Material provided »
[Start of Attachment]

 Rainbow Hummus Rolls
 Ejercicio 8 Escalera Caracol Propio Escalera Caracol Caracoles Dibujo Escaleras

[End of Attachment]
[Start of Attachment]

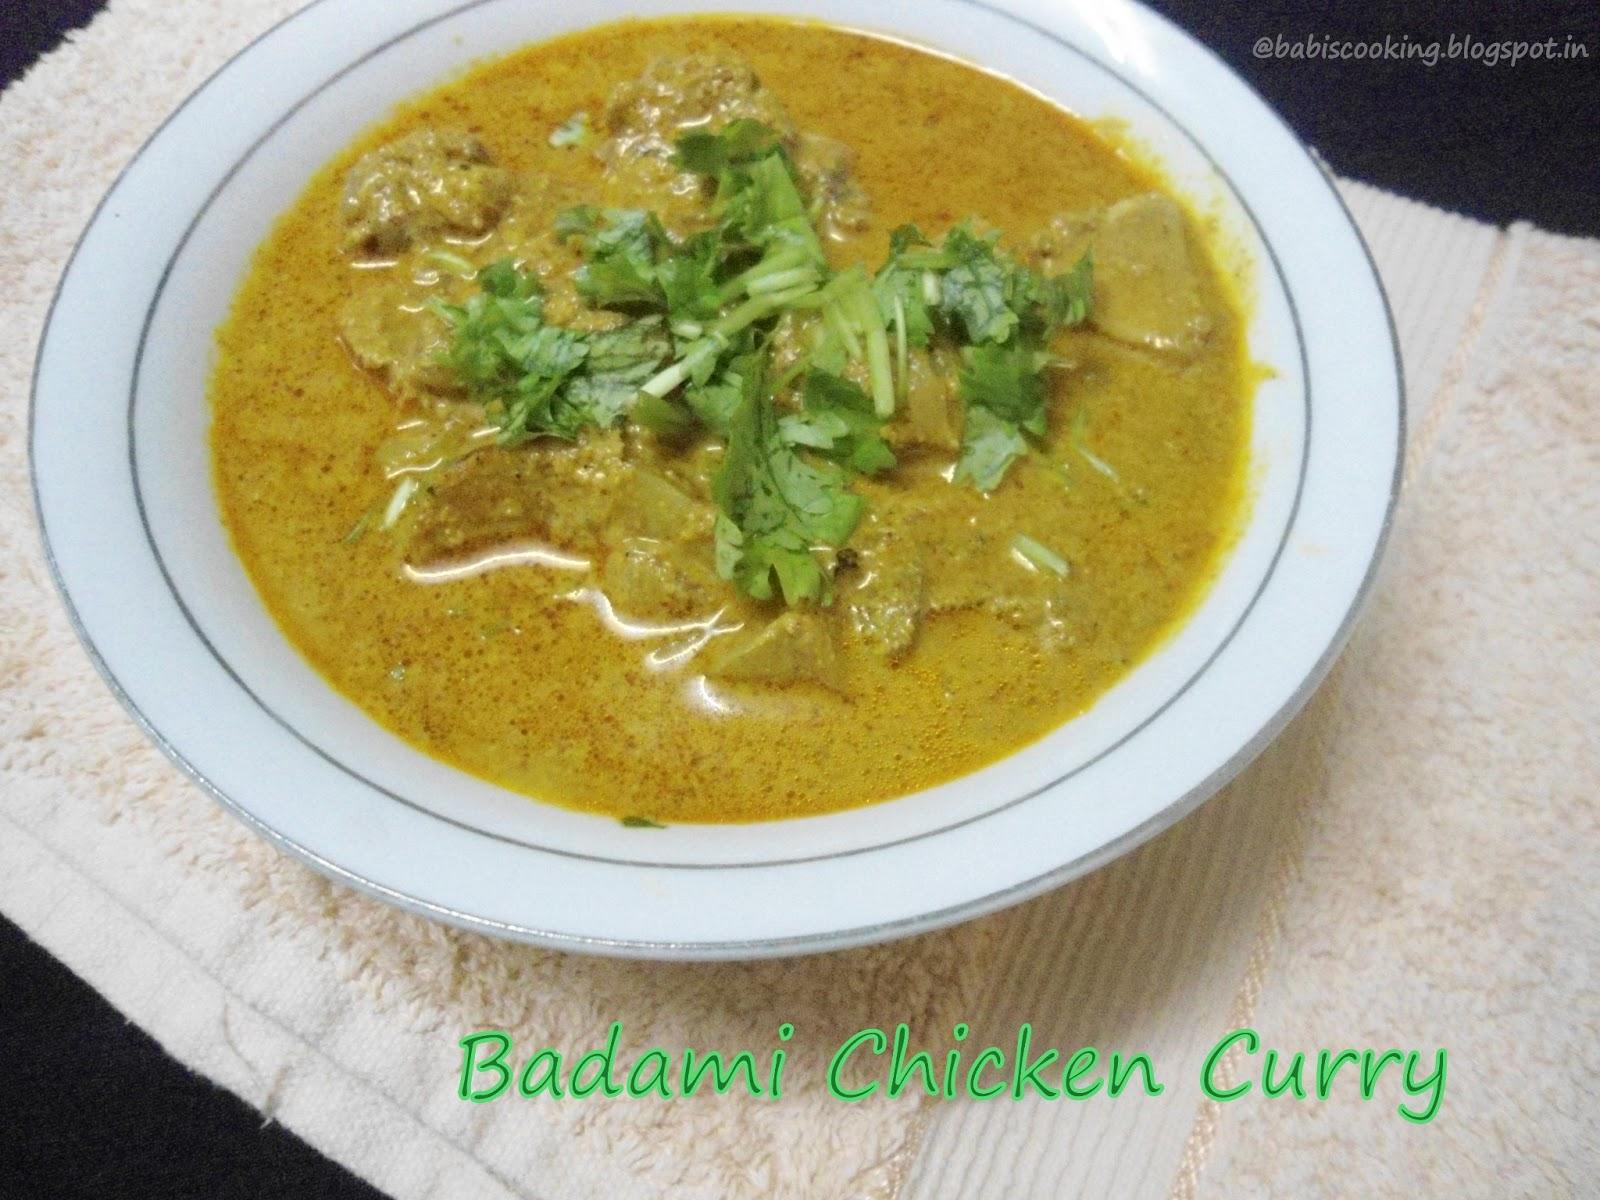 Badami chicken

[End of Attachment]

Task goal »
From the material above, copy exactly the lines between the line holding "Rainbow Hummus Rolls" and the line holding "Ejercicio 8 Escalera", inclusive, and only those.

Result »
 Rainbow Hummus Rolls
 Ejercicio 8 Escalera Caracol Propio Escalera Caracol Caracoles Dibujo Escaleras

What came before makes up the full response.